DATASET Start Marker

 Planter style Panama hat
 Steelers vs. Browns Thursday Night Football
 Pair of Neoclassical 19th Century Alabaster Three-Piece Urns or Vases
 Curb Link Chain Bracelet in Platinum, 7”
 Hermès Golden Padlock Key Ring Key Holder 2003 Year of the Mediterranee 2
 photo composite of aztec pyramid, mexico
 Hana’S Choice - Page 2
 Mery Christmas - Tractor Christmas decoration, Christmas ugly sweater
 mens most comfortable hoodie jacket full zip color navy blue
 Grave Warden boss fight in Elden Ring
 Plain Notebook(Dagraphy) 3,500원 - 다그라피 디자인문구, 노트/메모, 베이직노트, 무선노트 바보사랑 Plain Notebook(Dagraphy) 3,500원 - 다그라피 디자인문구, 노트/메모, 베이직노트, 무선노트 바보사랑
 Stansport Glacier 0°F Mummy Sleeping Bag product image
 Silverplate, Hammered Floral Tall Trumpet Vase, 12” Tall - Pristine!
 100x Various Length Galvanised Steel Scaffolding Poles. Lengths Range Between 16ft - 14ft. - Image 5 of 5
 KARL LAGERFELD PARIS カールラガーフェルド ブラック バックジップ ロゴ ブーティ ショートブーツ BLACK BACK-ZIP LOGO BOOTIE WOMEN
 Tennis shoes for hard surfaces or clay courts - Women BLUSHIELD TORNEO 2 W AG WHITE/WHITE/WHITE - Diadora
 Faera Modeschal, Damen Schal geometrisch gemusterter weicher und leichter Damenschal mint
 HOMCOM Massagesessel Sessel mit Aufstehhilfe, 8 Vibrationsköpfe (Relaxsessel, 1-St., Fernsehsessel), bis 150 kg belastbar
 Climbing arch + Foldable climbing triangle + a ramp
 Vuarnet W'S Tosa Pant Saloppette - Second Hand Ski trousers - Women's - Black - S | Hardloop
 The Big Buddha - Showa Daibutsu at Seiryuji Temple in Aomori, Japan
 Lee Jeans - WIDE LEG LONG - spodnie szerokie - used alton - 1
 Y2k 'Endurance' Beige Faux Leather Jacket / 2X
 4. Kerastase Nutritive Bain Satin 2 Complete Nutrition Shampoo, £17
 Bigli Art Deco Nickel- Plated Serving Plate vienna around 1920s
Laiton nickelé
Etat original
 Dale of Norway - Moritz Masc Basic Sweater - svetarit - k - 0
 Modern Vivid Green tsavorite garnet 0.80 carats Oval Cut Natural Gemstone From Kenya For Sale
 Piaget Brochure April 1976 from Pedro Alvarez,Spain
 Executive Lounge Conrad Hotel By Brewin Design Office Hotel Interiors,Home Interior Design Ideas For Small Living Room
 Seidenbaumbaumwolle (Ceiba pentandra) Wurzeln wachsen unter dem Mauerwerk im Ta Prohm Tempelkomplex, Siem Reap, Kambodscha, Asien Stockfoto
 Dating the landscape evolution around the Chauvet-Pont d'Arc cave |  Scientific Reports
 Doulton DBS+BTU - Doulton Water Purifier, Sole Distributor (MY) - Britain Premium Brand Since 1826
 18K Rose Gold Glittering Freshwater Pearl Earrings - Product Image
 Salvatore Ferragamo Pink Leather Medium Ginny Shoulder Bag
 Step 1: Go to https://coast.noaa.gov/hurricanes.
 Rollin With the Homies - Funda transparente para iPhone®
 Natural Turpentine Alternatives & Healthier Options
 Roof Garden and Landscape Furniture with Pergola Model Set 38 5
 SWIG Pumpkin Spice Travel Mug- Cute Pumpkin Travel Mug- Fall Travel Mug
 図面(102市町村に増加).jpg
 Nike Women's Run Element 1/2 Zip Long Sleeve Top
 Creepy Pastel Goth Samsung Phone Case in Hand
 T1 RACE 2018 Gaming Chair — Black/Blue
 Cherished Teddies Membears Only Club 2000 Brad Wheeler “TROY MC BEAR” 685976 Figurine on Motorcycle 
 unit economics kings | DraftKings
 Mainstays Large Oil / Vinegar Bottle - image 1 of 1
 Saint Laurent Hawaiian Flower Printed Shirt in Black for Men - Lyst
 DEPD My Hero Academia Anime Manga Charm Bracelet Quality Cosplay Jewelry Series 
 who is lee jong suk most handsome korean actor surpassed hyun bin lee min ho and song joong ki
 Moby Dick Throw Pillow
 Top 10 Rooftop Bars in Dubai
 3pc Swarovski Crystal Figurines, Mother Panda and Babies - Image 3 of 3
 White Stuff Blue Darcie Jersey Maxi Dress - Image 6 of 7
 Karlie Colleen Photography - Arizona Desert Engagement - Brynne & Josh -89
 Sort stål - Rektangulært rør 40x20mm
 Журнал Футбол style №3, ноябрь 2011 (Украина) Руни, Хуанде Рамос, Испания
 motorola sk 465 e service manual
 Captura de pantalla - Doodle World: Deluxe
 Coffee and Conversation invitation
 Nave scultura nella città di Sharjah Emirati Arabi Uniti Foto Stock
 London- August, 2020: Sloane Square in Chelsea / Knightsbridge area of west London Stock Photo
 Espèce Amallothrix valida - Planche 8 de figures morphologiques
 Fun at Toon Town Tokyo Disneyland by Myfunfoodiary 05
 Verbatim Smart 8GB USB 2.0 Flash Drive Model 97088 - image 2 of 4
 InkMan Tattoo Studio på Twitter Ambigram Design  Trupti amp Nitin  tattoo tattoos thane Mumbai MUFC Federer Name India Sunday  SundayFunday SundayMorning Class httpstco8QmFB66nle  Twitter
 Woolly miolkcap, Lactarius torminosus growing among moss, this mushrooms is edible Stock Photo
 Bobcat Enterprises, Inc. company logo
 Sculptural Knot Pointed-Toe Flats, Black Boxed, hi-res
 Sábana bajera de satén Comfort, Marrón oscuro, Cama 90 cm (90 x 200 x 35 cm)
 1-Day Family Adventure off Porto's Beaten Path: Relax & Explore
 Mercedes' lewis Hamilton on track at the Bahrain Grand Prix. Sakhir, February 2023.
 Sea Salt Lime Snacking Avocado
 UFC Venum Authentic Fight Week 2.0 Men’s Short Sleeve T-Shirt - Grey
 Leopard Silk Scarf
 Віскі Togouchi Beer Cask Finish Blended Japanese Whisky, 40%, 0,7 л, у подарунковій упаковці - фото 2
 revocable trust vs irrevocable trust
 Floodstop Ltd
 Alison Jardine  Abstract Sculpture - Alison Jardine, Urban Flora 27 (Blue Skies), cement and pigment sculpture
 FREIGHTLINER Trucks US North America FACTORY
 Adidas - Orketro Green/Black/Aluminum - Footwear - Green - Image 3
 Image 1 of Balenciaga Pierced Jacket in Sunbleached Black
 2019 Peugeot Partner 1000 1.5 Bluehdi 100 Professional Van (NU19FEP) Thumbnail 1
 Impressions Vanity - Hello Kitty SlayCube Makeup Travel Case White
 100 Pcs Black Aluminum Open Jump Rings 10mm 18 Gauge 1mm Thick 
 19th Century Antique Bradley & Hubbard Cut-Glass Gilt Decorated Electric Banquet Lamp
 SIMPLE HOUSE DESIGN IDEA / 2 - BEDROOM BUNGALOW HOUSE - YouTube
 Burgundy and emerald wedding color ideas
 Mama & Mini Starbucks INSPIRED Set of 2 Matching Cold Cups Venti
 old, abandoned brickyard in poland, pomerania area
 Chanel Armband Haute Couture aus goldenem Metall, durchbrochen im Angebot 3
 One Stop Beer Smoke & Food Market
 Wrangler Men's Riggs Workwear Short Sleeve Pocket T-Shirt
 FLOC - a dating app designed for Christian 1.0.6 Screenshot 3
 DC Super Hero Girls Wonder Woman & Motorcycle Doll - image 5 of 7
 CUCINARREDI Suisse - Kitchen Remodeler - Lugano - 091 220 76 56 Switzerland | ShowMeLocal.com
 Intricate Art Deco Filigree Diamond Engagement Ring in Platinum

DATASET End Marker

* [TASK] Copy out each line of the entries above that holds "Bracelet".

* [YOUR SOLUTION]
 Curb Link Chain Bracelet in Platinum, 7”
 DEPD My Hero Academia Anime Manga Charm Bracelet Quality Cosplay Jewelry Series 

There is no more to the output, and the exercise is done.